(DATA)

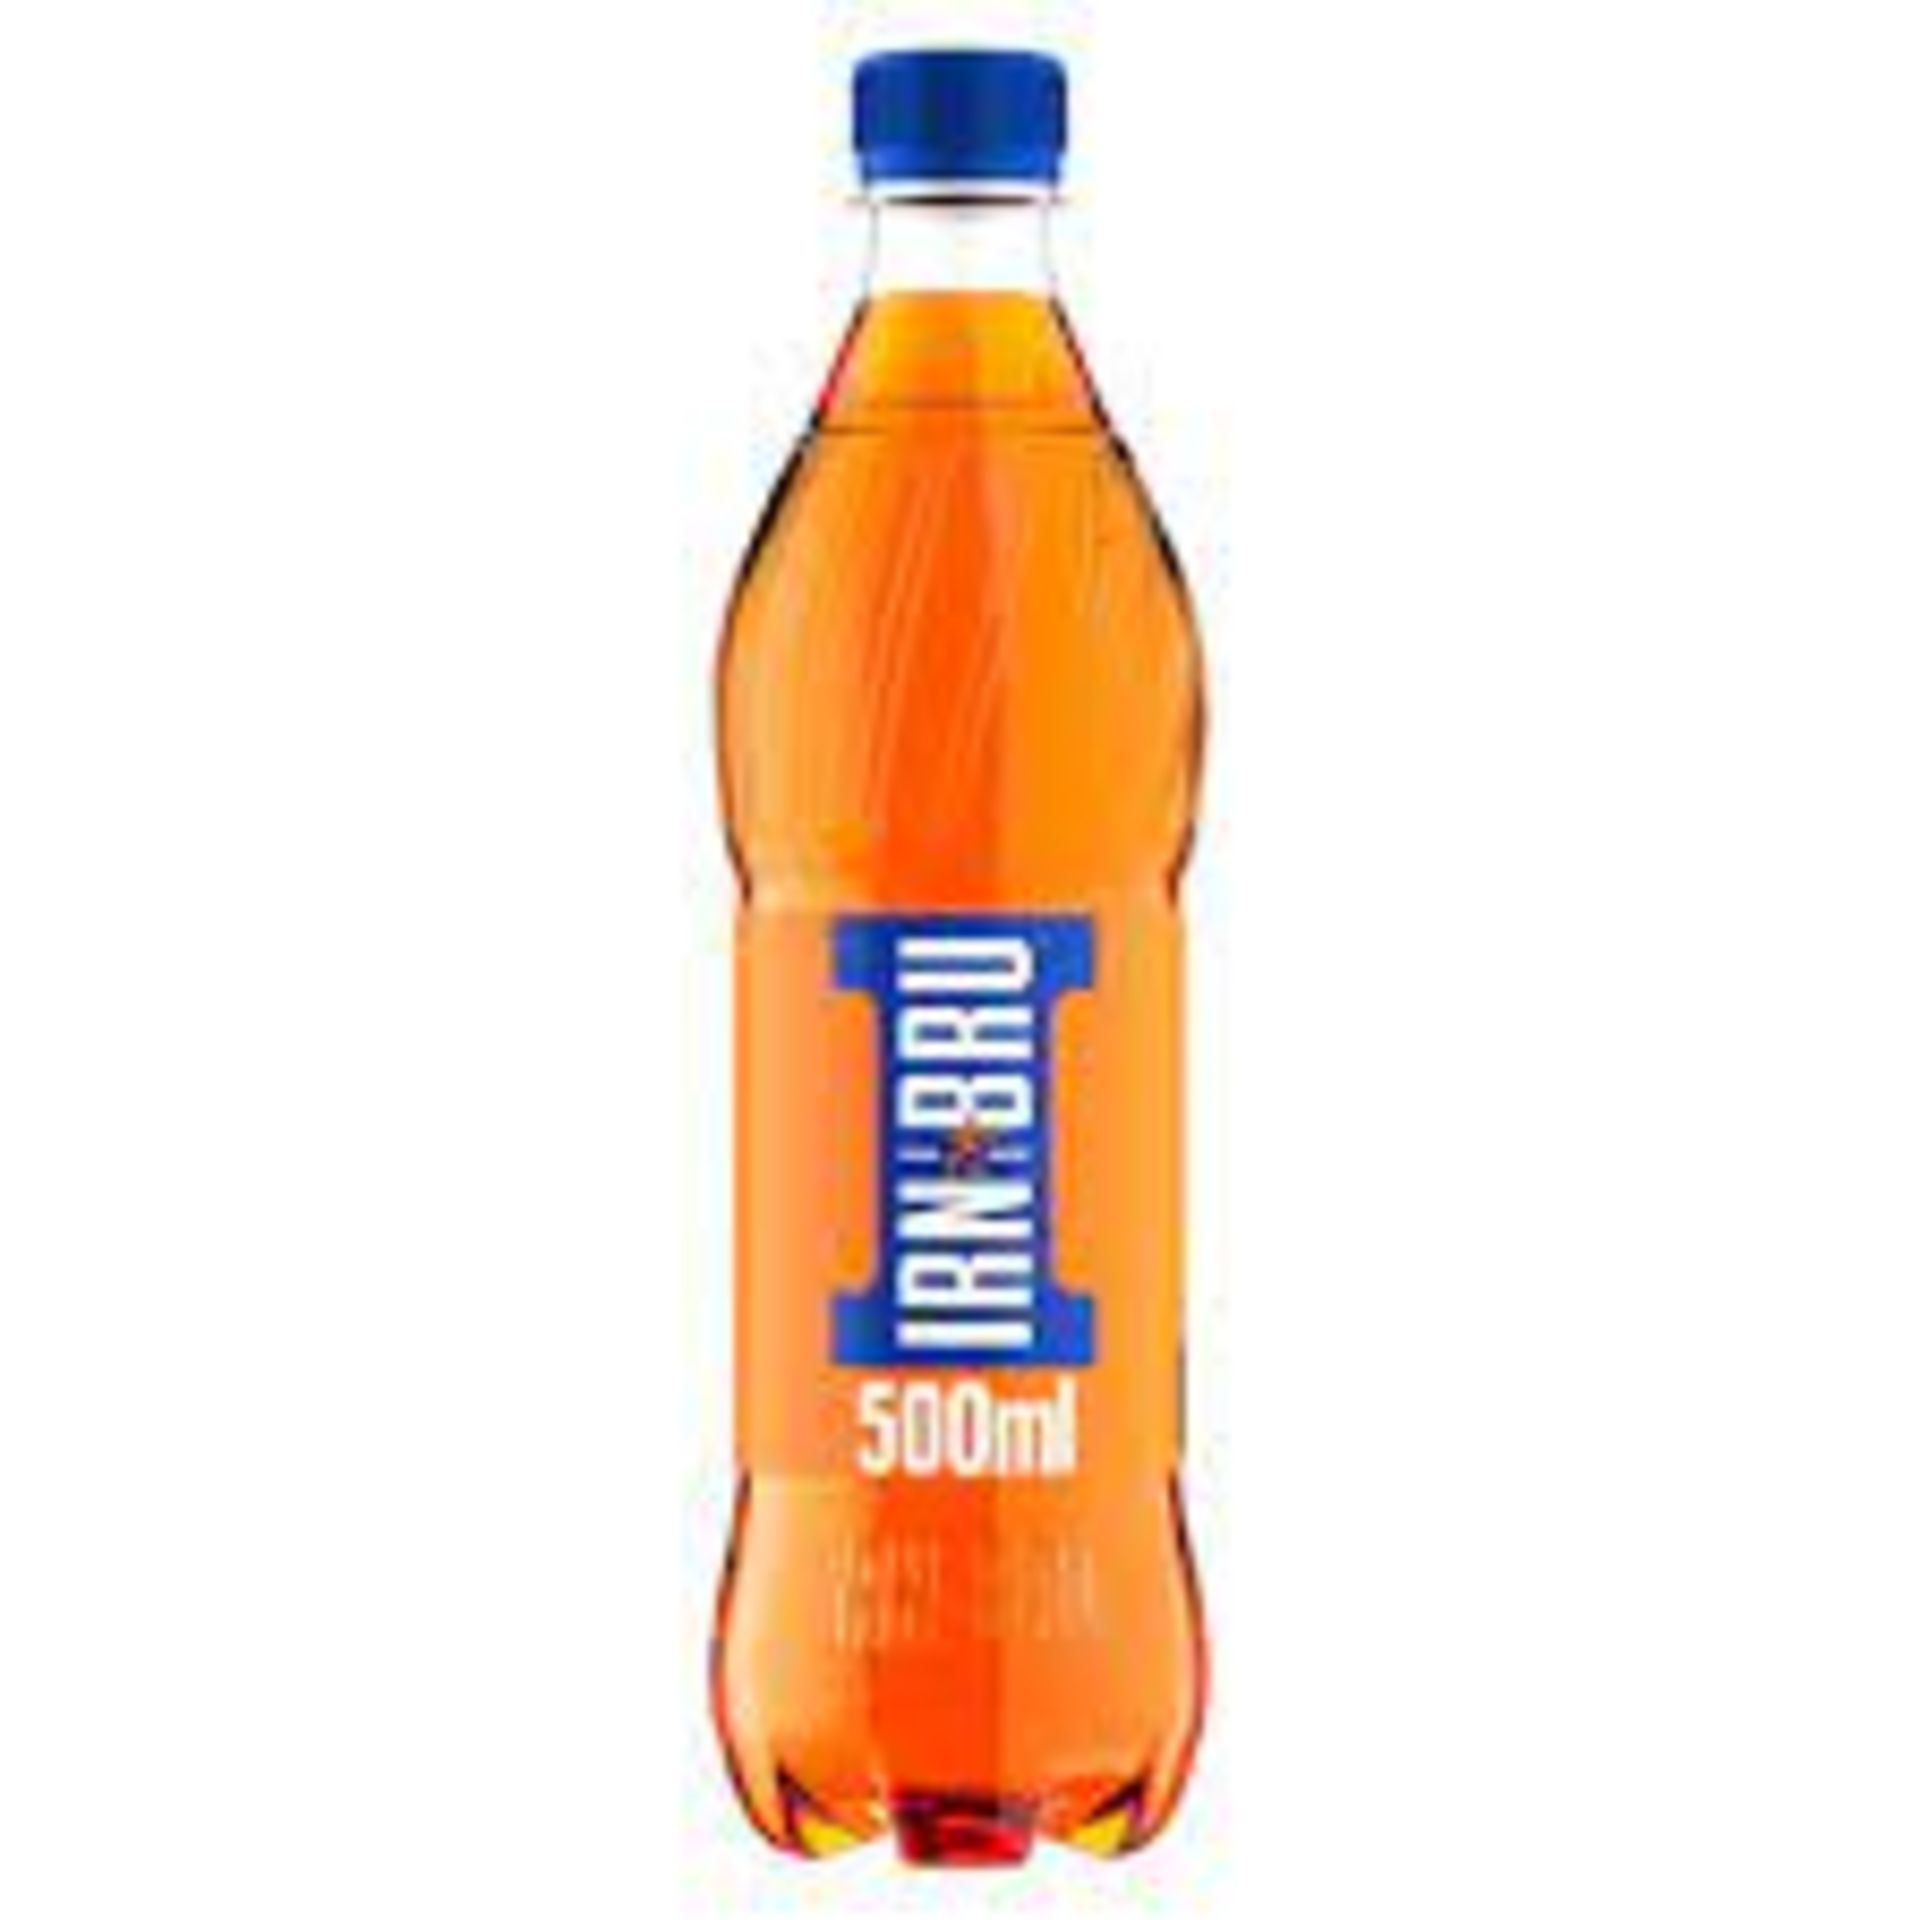 RRP £1,500- Assorted Groceries And Drinks Such As Irn Bru Energy, Kallo Crackers And Moreand More
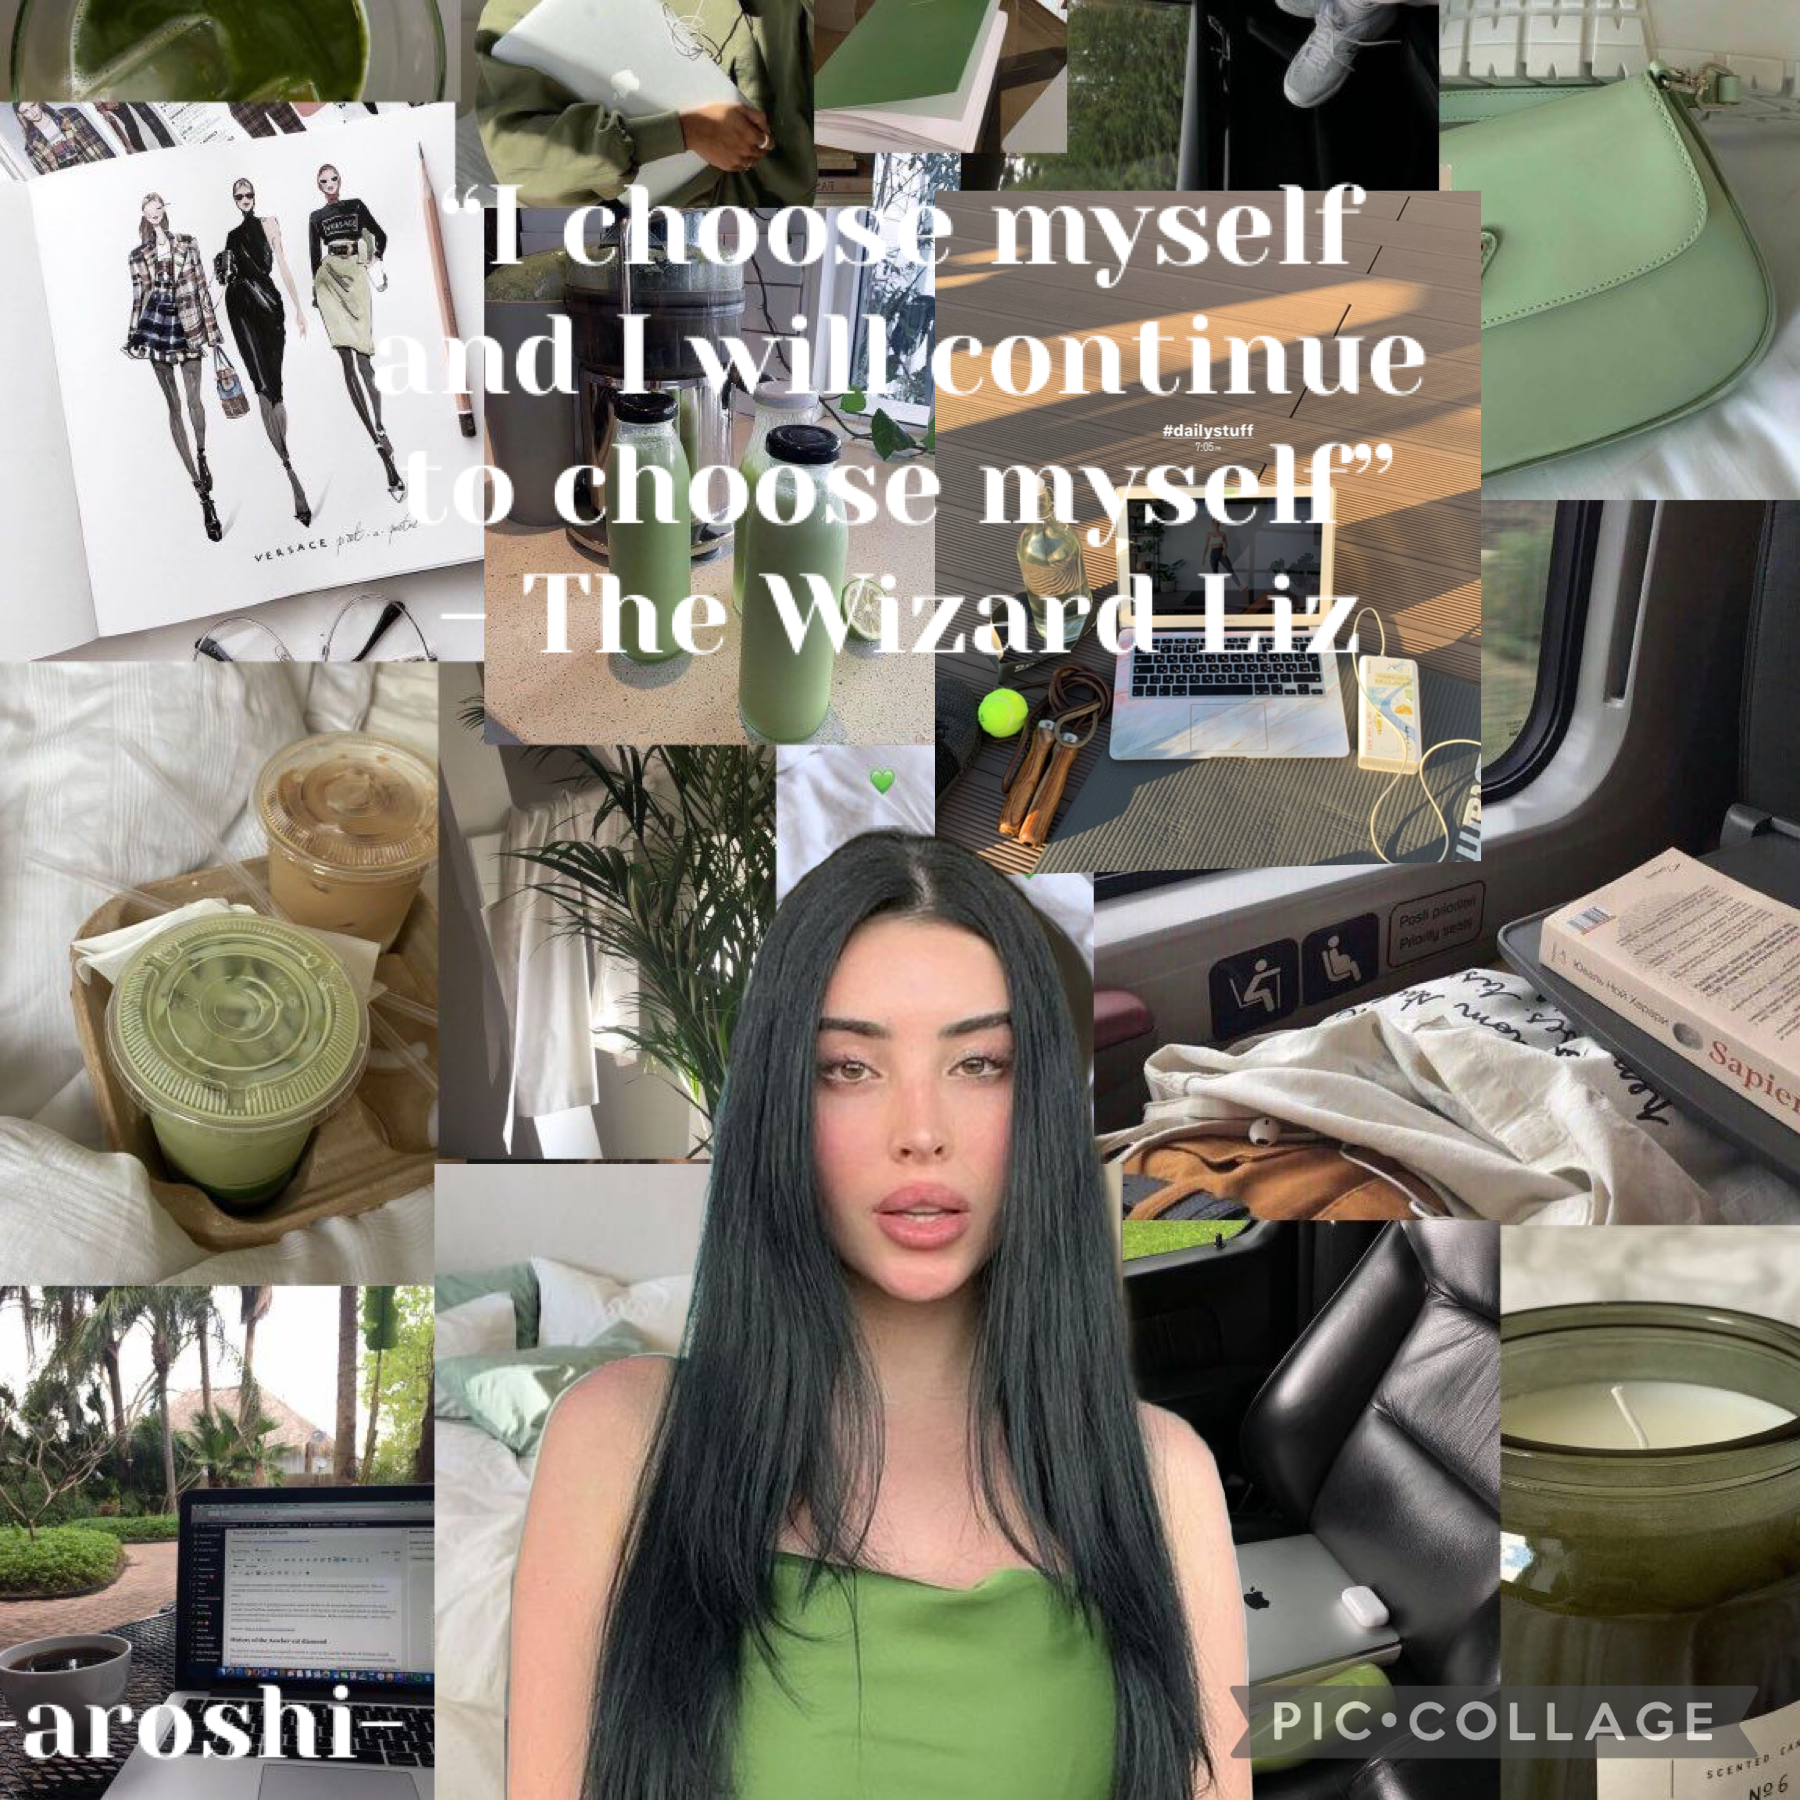 💶 Oct 1 23 💶
I had to dedicate this collage to my favourite YouTube and therapist THE WIZARD LIZ. make sure to watch her! Iykyk..

(End DATA)

▶ [WHAT IS NEEDED]
Copy all the lines of data exactly as they appear, dropping any images.

▶ [ANSWER TO THIS PROBLEM]
 RRP £1,500- Assorted Groceries And Drinks Such As Irn Bru Energy, Kallo Crackers And Moreand More
 💶 Oct 1 23 💶
I had to dedicate this collage to my favourite YouTube and therapist THE WIZARD LIZ. make sure to watch her! Iykyk..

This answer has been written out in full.